Programa de renovação de frota
Os participantes também reivindicam que o Programa de Renovação de Frota garanta a participação de transportadores autônomos de cargas por meio de procedimentos simplificados, podendo ser regional, com o objetivo de promover a igualdade e resguardar a categoria profissional diante dos grandes empresários do setor.
Demandas gerais
A pauta de reivindicação prevê ainda que seja garantido o direito à livre manifestação nos termos do Art. 5º, IV da Constituição Federal, programas de refinanciamento de dívidas dos transportadores autônomos, cooperativas e associações de transportes de caminhoneiros autônomos e congelamento da alta do óleo diesel por subvenção por 120 dias.
“A reunião do dia 8 de fevereiro nasceu no grupo Liderança Nacional, que teve protagonismo na greve de 2018 e contou com o Sindicam Santos como anfitrião, que foi escolhido como entidade para receber a categoria devido ao trabalho sério e legítimo em defesa do setor”, explicou Janderson Maçaneiro Patrola, presidente da Associação Catarinense dos Transportadores Rodoviários de Carga e que na reunião também representou a Tribo dos Containers e o Instituto dos Caminhoneiros (Icam).
Segundo ele, pela primeira vez foi feito um encontro que reuniu todas as estruturas do transporte: o caminhoneiro autônomo, sindicatos, federações, confederações, associações e cooperativas. “Por isso, a pauta de reivindicações reflete as reais necessidades do setor e será nosso instrumento de mobilização. Vamos apresentá-la aos principais órgãos do governo federal responsáveis por políticas públicas do transporte e daremos o prazo de até 23 de abril para discutir caminhos”, afirma.

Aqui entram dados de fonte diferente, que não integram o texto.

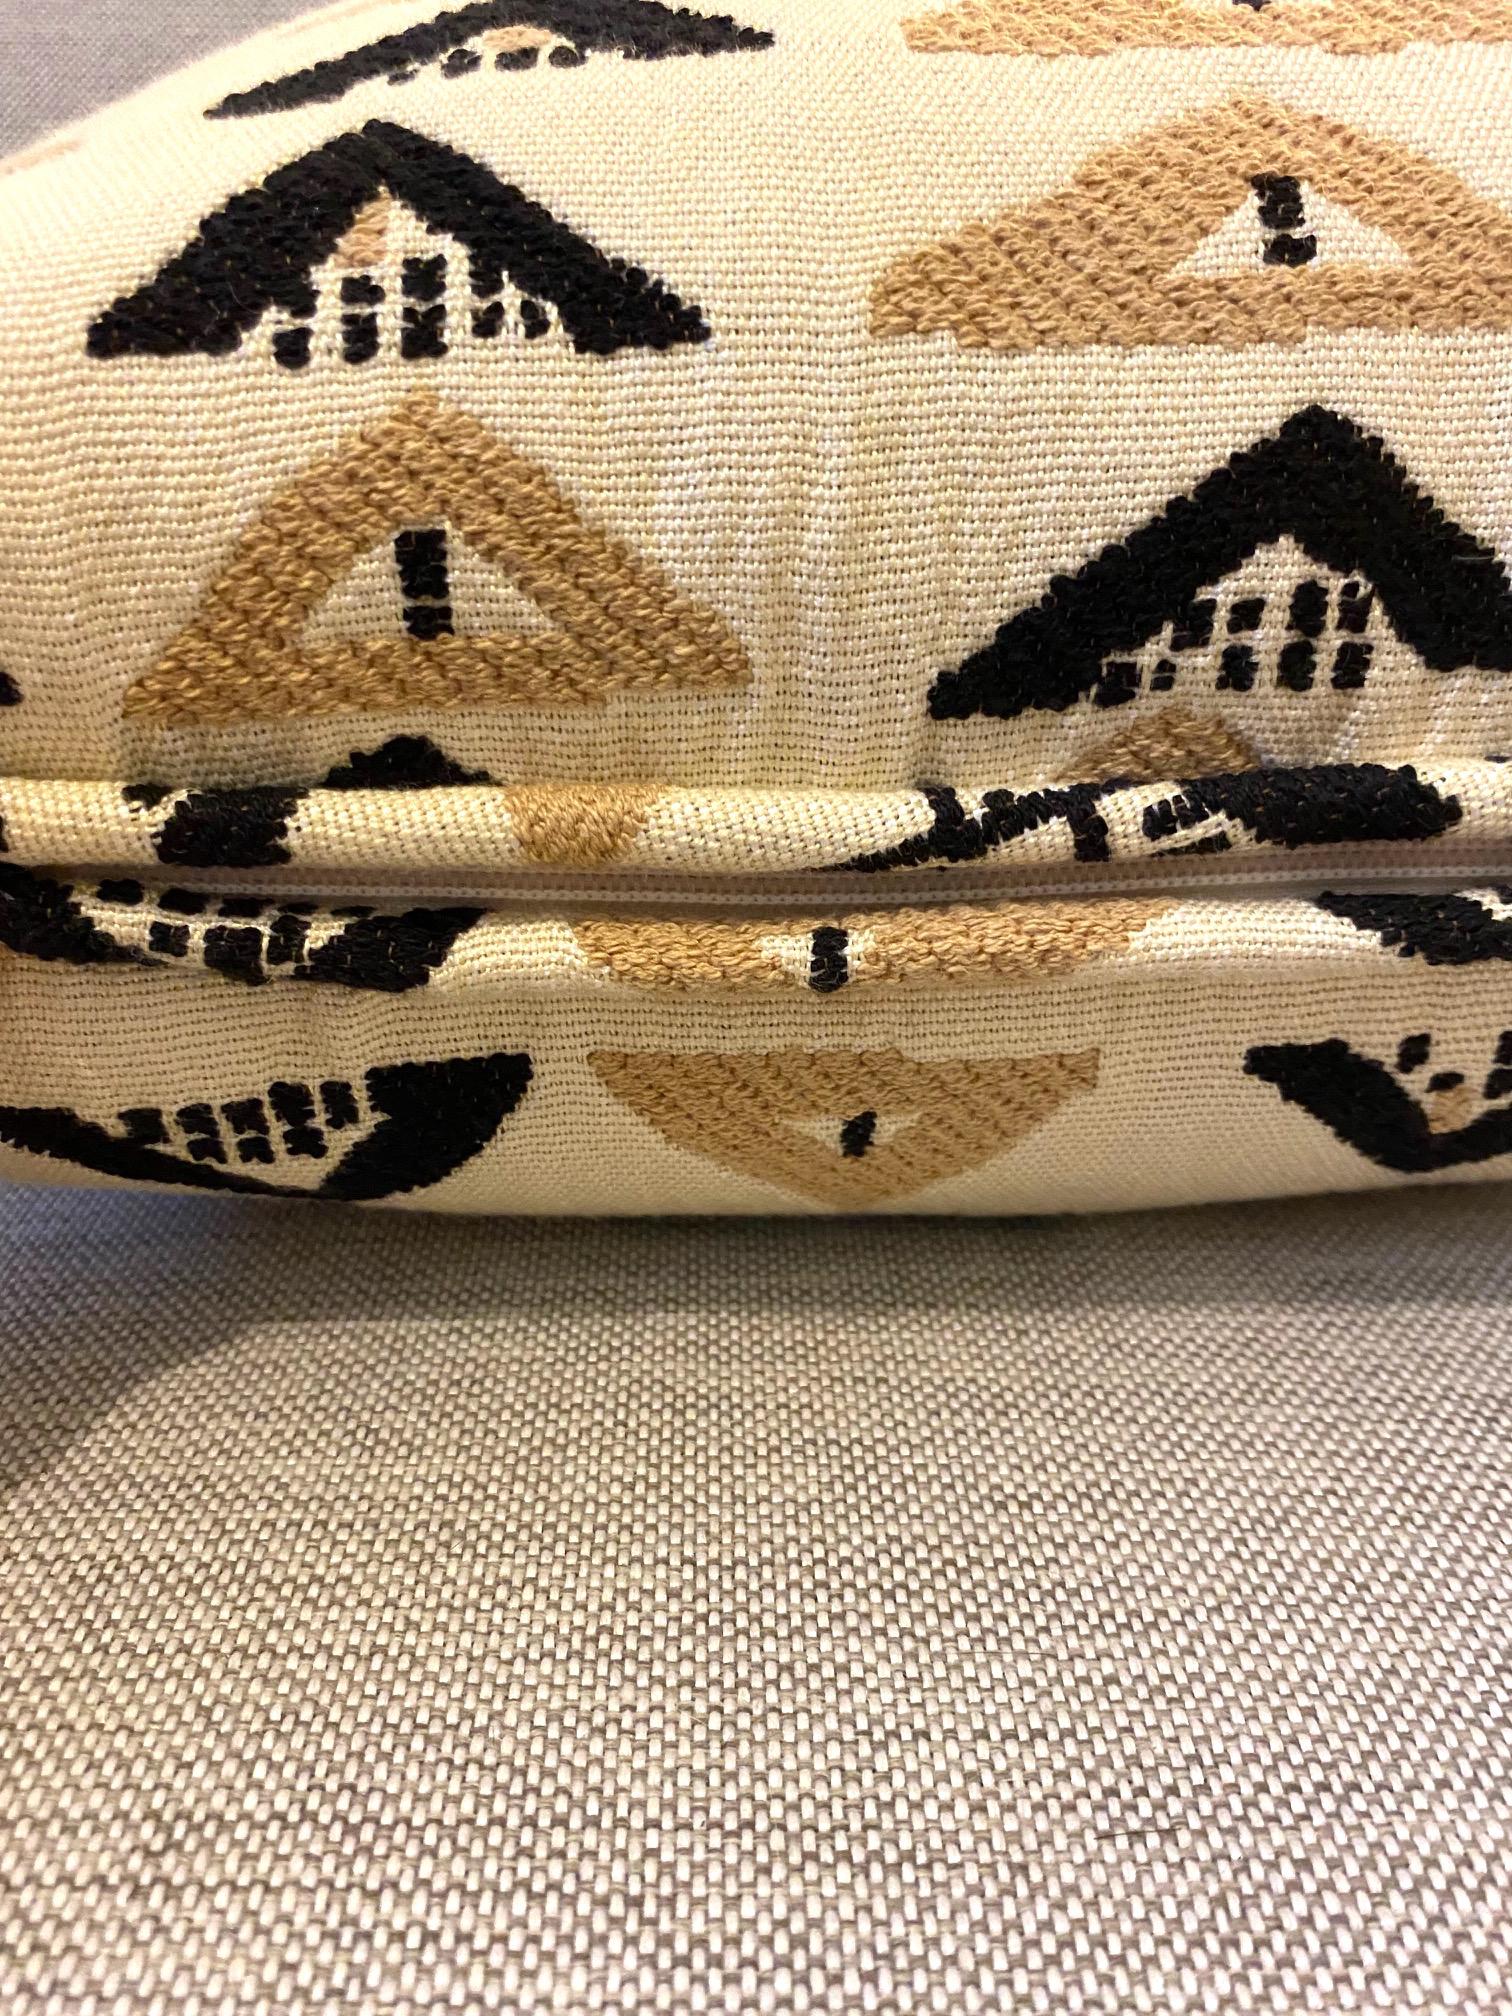 Contemporary Pierre Frey Throw Pillow with Vintage African Kuba Print in Beige and Black

Janderson completa: “Queremos abrir uma negociação. Não foi tratada uma paralisação, que deverá ser o último recurso da categoria. Queremos um diálogo franco, objetivo, ordenado, mostrando o transporte rodoviário de cargas como força motriz para desenvolvimento do país”, conclui Patrola.
Próximos passos
A mobilização resultou na formulação de um documento oficial, consolidando as demandas da categoria. No dia 19 de fevereiro, a Confederação Nacional dos Transportadores Autônomos (CNTA) entregou o documento ao ministro Márcio Macêdo, da Secretaria-Geral da Presidência da República.
“O ministro ouviu atentamente as demandas, ressaltou a importância da organização sindical e se comprometeu a encaminhar o pedido de reunião da categoria com o Presidente Lula e demais ministérios”, afirma a CNTA em nota.
A categoria estabeleceu um prazo até 23 de abril para que o governo apresente propostas. “Queremos diálogo franco e objetivo. A paralisação será o último recurso”, diz Janderson Maçaneiro Patrola, presidente da Associação Catarinense dos Transportadores Rodoviários de Carga.
A mobilização continua e os caminhoneiros seguem atentos ao posicionamento do governo sobre as reivindicações apresentadas.